6/08/2013

Three Reasons Your Demand Gen Stinks (and What to Do About It)

Three Reasons Your Demand Gen Stinks (and What to Do About It):

rom Marketing Profs Daily Fix 
Marketing departments have become more and more sophisticated regarding demand generation. When I talk to sales organizations, however, they never tell me their marketing departments are doing a great job creating leads for them. When I sit down with the VP of Sales, I hear only concerns and complaints. I never hear accolades.
Why is that? What’s going on? If marketing is clearly getting better at demand gen, then why hasn’t its biggest customer—sales—congratulated them on the great job they’re doing and thanked them for their contribution?
There are three main reasons why your demand generation stinks.

  1. Getting bogged down in marketing automation
  2. The market intelligence gap
  3. Handing leads off to sales

Let’s look at it each of these reasons in greater depth.

Reason 1: Getting Bogged Down

Companies get bogged down in automation. While there’s no question that automation is a great marketing solution and creates significant efficiencies in the demand generation process, marketing automation is not as “automatic” as we’d like it to be.
A successful marketing automation implementation should have a significant “change management” component. That change management component gets the people, processes, and systems aligned, and it speeds up the changes needed for successful implementation.
In most cases, members of the marketing team have been trained in the new software, and they usually have an understanding of what change management is needed. However, unless the change management process is being driven by senior management, the change will be very slow.
When the change management process is slow, the people who interact directly with the marketing automation system will only be able to implement parts of that system. It’s a rare client that uses all the capabilities of their marketing automation system. That is primarily due to the marketing team focusing on getting a minimum implementation working effectively rather than optimizing their demand gen efforts by taking advantage of all the benefits system has to offer.
To improve the effectiveness of the marketing automation system and generate the right kind of leads, senior management must drive the change management process across the entire organization.

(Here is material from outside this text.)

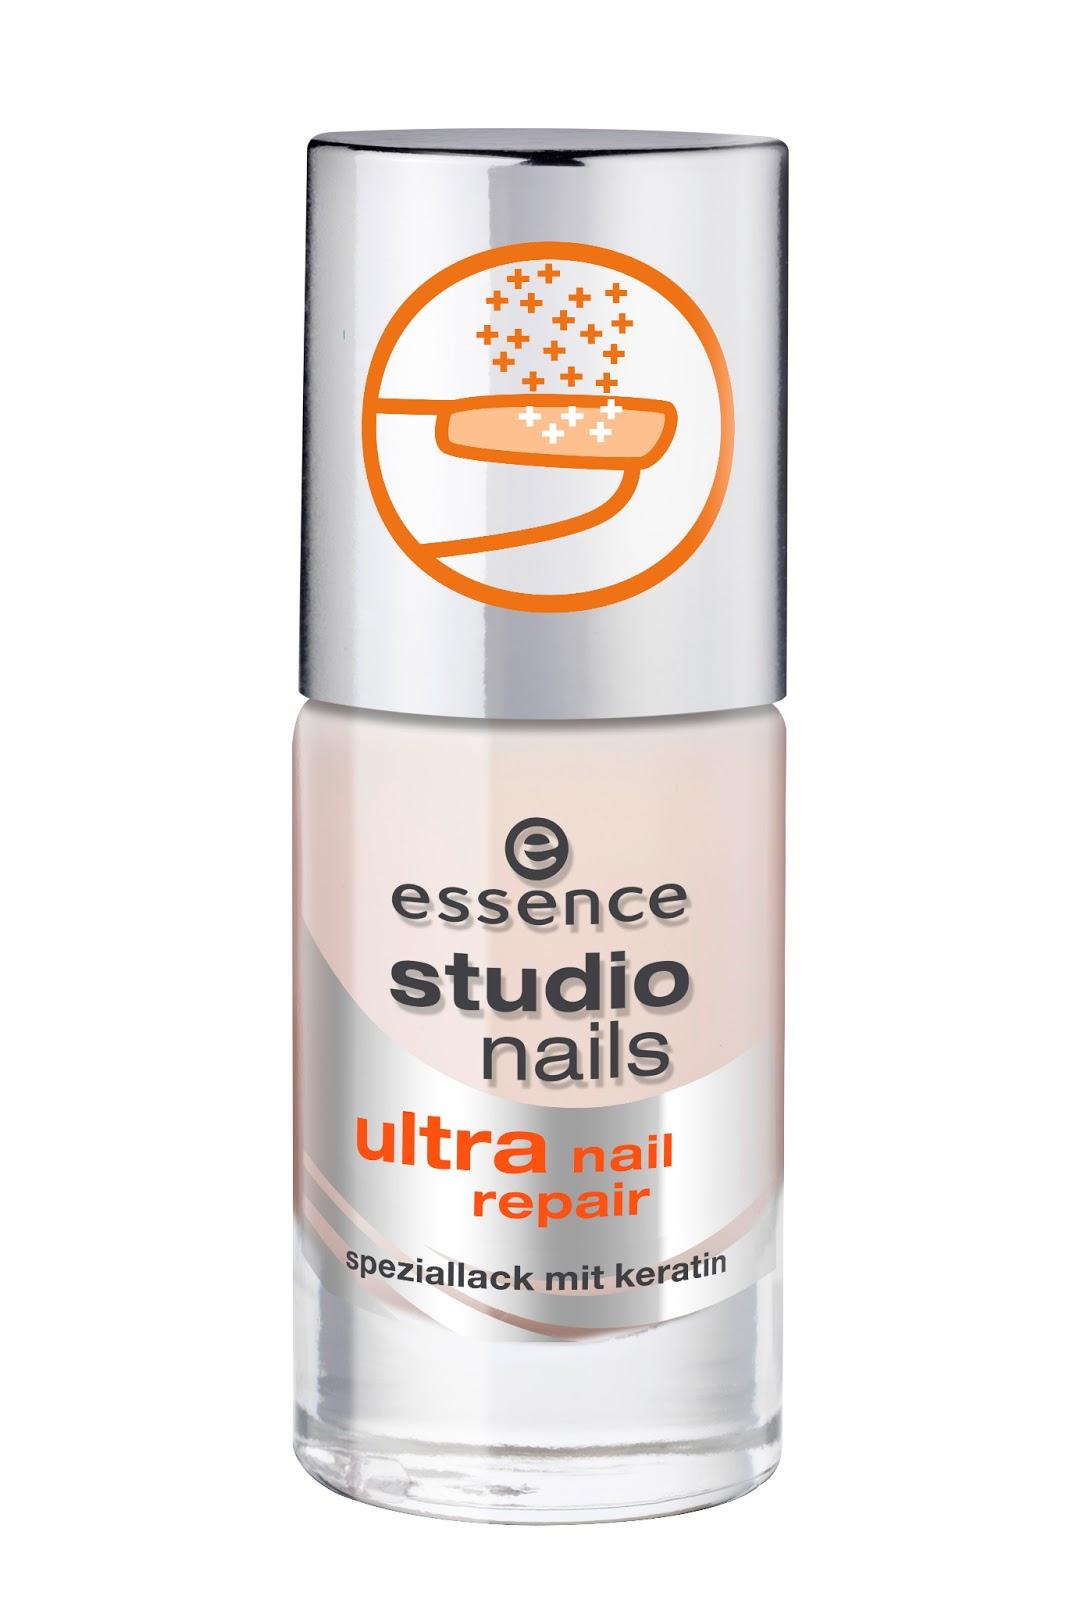 NailArt 101: Nail Design Studio

Reason 2: The Market Intelligence Gap

Marketing teams generally do a good job of understanding what buyers are going through early in the buyer’s journey. They closely monitor what their competitors aredoing and understand their competitors’ positioning strategy. As a result, they understand what buyers have been exposed to already. By using a variety of social listening tools, competitive analysis, and market research, marketing is able to understand what buyers think about those competitive messages, messages from their own brand, and messages from customers and analysts.
But in our experience, where marketing fails is that they don’t share with the sales department these insights into what the buyer thinks with the sales department. We call this the Market Intelligence Gap.
Marketing is so focused on delivering leads that they fail to deliver critical information that would help the sales rep succeed with those leads. Marketing invests time and resources collecting market, customer, and prospect information, but rarely do they provide those key insights when a member of the sales team begins to engage with that buyer.
To maximize the value sales gets out of a lead, marketing needs to help sales “meet the buyers where they are,” based on the market intelligence that’s been gathered about what the buyers are going through.
Marketing can close the Market Intelligence Gap by designing an information delivery system around what’s needed by the sales teams during their direct communication with the buyer.

Reason 3: Handing Leads off to Sales

No matter how effective your marketing campaign is, or how qualified a lead appears to be when it’s handed off to sales, some percentage of those leads (typically a large percentage) are not ready for the sales team to take full ownership of them. This is why I suggest that marketing should not “hand off” leads to the sales department.
Instead of a lead handoff, marketing should introduce sales to a contact and/or company and establish a three-way relationship that encompasses both sales and marketing. This relationship will ebb and flow over time, and it will be influenced by factors that cannot be captured on any form.
So instead of having marketing hand off leads that have met certain criteria set by the sales department, let’s think about it this way instead: Marketing isn’t handing over a lead, marketing is introducing the sales rep to a contact to increase the value of that relationship. However, marketing hasn’t abandoned the relationship; they’ve only added a sales rep to the relationship.
No matter how qualified a lead appears to be when it’s introduced to sales, a good sales rep will go through a deeper level of qualification that can’t be captured via a simple MQL, SAL, or SQL formula. The subtleties of the sales process are what the sales rep is being paid to understand and uncover. That’s why a sales rep exists.
And, while the sales reps are doing their job, marketing is working in the background to ensure that both the sales rep and the buyer are getting the support they need from marketing. For example, the support might take the form of intelligence about a specific account for the sales rep or new content that might help the buyer overcome some objections.
All the things we’ve discussed require a different kind of thinking and a different level of investment by the marketing team, both during the marketing campaign and during the sales process. But this different level of strategic marketing investment is what can make the difference in your marketing ROI and make you feel proud about your demand generation results.